Paper Title
Molecular Analysis of Duchenne Muscular Dystrophy (DMD) in Pakistani Patients and Carriers

Abstract
Duchenne muscular dystrophy (DMD) is one of the most common human neuromuscular disorders. It is an Xlinked recessive disease caused by a defective dystrophin (DMD) gene. Existing diagnostic assays for the dystrophin gene comprise a range of methodologies which are relatively expensive. This study focuses on the investigation of genotypephenotype correlation and DMD carrier status using a 16 exon quantitative multiplex PCR (MPCR) and gene dosage analysis of the DMD carrier population in Pakistan.

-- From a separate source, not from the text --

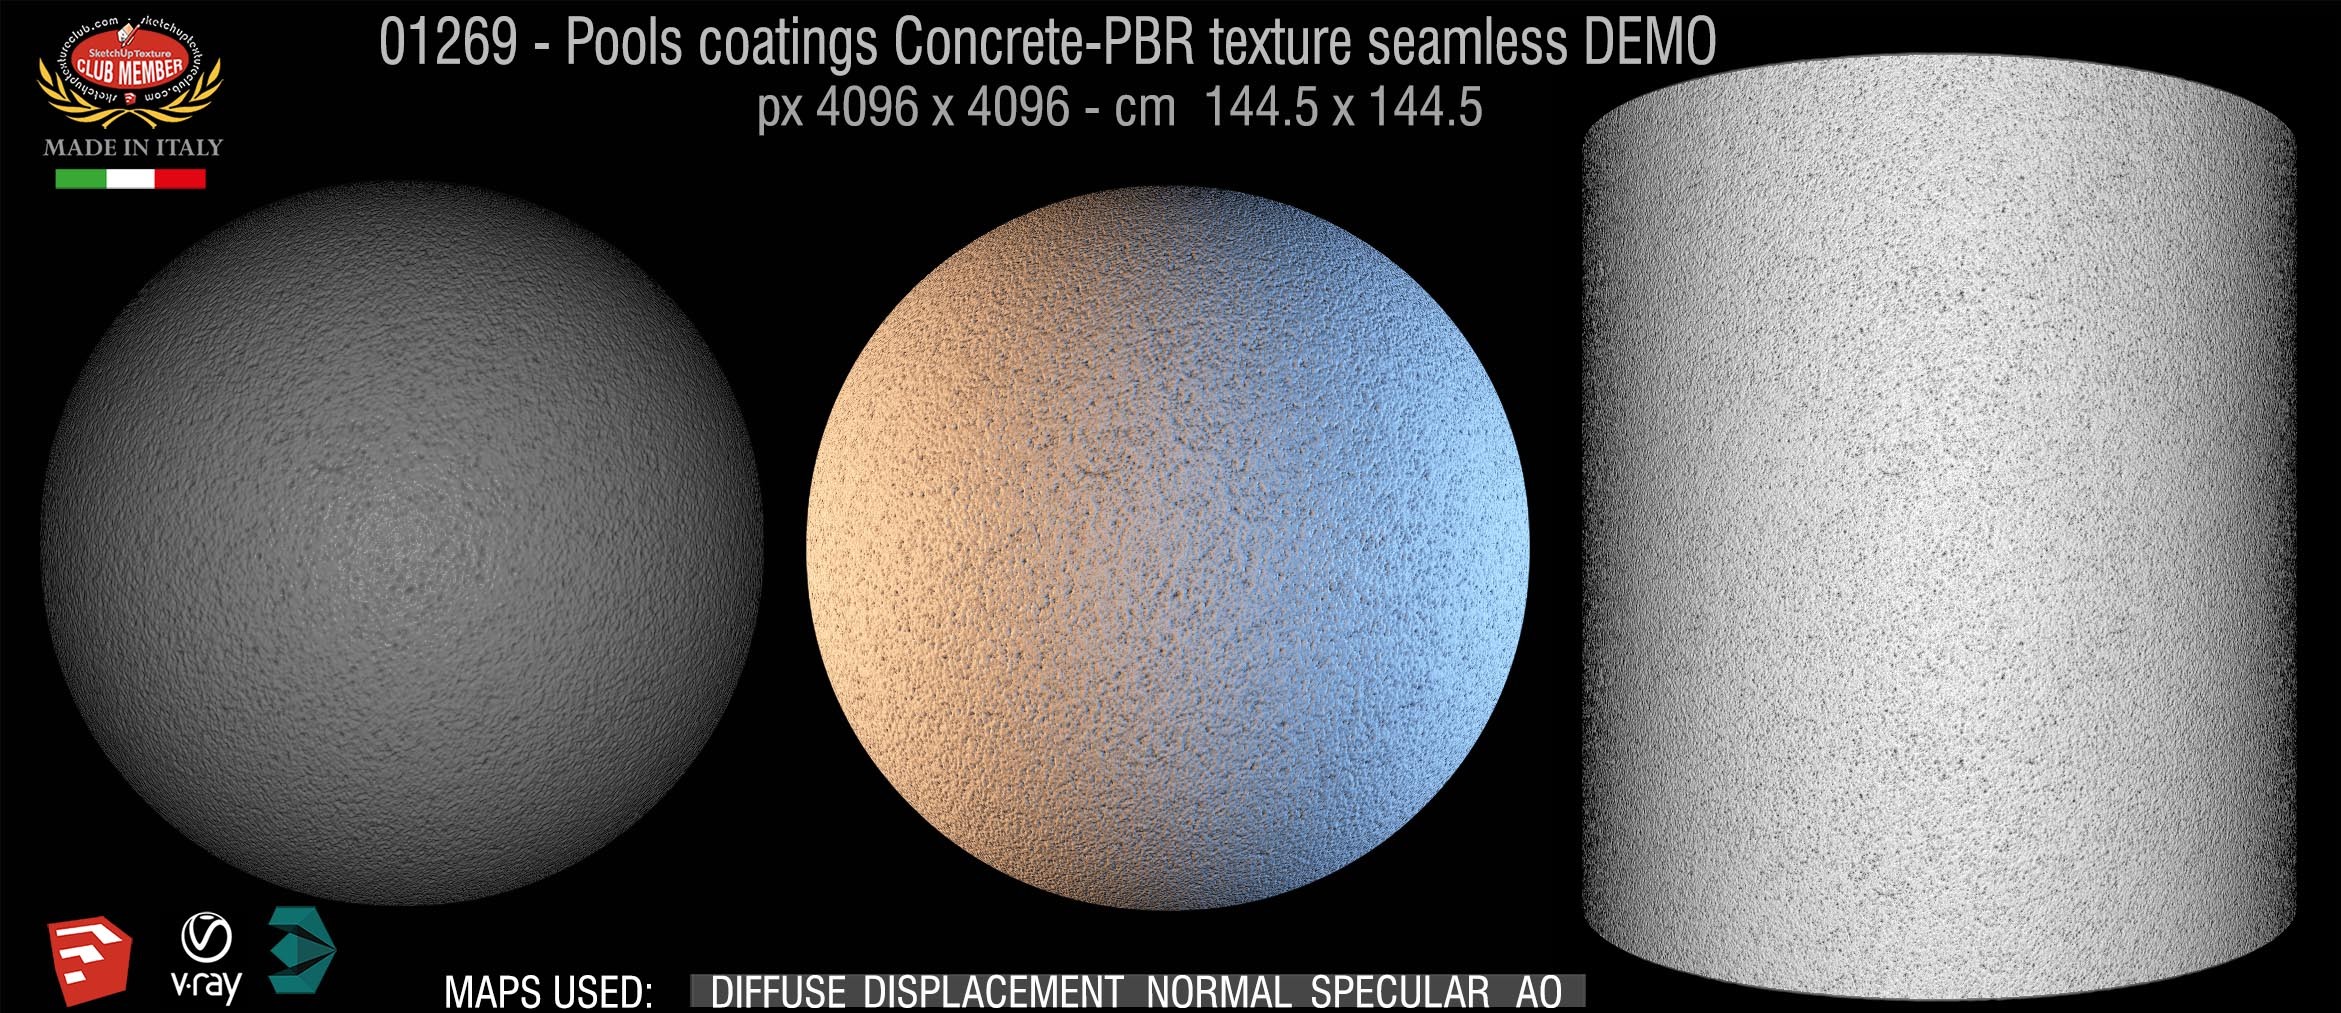 01269 Pools coatings Concrete-PBR texture seamless DEMO

We analyzed nine patients from families with neuromuscular disorders of which eight (90%) patients showed deletions in the two known hot-spots regions in the DMD gene. One patient and his siblings showed no deletion in the DMD gene, suggesting an unrelated neuromuscular disorder. The carrier status of the mothers of these DMD patients was also revealed by gene dosage analysis. A very significant feature of this research is the use, for the first time, of a MPCR technique for DMD gene mutation analysis. Such an approach will be invaluable for countries such as Pakistan where pre-natal diagnostic tests impose a significant economic burden. Keywords - Duchenne Muscular Dystrophy; Multiplex PCR; Gene dosage analysis; Carrier status analysis. Abbreviations - DMD, Duchenne Muscular Dystrophy; MPCR, Multiplex PCR; BMD, Becker Muscular Dystrophy; CK, creatine kinase; qMPCR, Quantitative multiplex PCR.